**How to Find Sum of Arithmetic Series :**

Here we are going to see, how to find the sum of arithmetic series.

A series whose terms are in Arithmetic progression is called Arithmetic series.

To find sum of arithmetic series, we use one of the formulas given below.

Sn = (n/2) [a + l]

Sn = (n/2) [2a + (n - 1)d]

a = first term,

n = number of terms of the series,

d = common difference and l = last term

**Question 1 :**

Find the sum of the following

(i) 3, 7, 11,… up to 40 terms.

**Solution :**

Number of terms (n) = 40

First term (a) = 3

Common difference (d) = 7 - 3 = 4

Sn = (n/2) [2a + (n - 1)d]

= (40/2) [2(3) + (40 - 1)4]

= 20 [6 + 156]

= 3240

Hence the sum of 40 terms of the given series is 3240.

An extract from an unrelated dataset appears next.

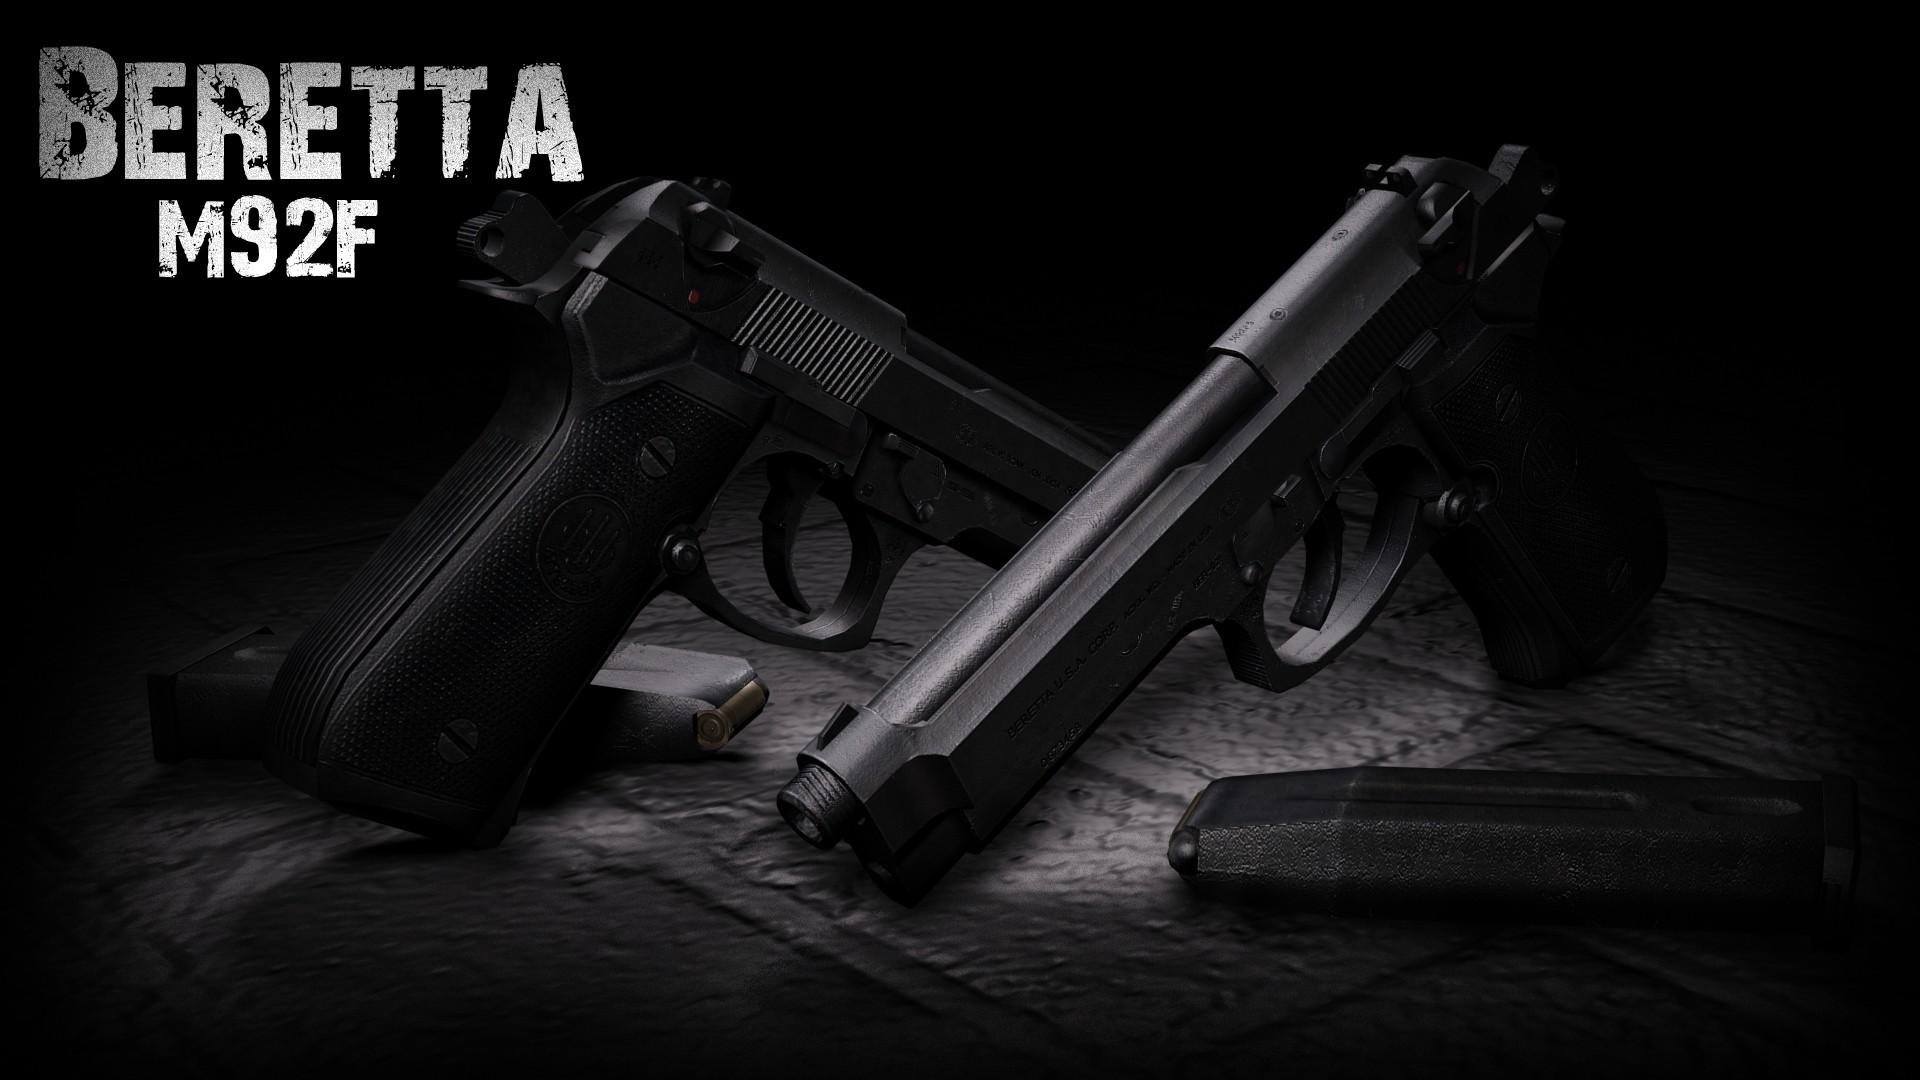 دانلود اسکین دو کلته Double Beretta M92F برای کانتر استریک 1.6

(ii) 102, 97, 92,… up to 27 terms.

**Solution :**

Number of terms (n) = 27

First term (a) = 102

Common difference (d) = 97 - 102 = -5

Sn = (n/2) [2a + (n - 1)d]

= (27/2) [2(102) + (27 - 1)(-5)]

= (27/2) [204 + 26(-5)]

= (27/2) [204 - 130]

= (27/2) (74)

= 27 (37)

= 999

Hence the sum of 27 terms of the given series is 999.

(iii) 6 + 13 + 20 +...........+ 97

**Solution :**

l = 97, a = 6, d = 13 - 6 = 7

From this, we have to find the number of terms.

n = [(l - a)/d] + 1

n = [(97 - 6)/7] + 1

= (91/7) + 1

n = 13 + 1

n = 14

Sn = (n/2) [a + l]

= (14/2)[6 + 97]

= 7[103]

= 721

Hence the sum of given series is 721.

**Question 2 :**

How many consecutive odd integers beginning with 5 will sum to 480?

**Solution :**

Consecutive integers starting from 5 are 5, 7, 9, ............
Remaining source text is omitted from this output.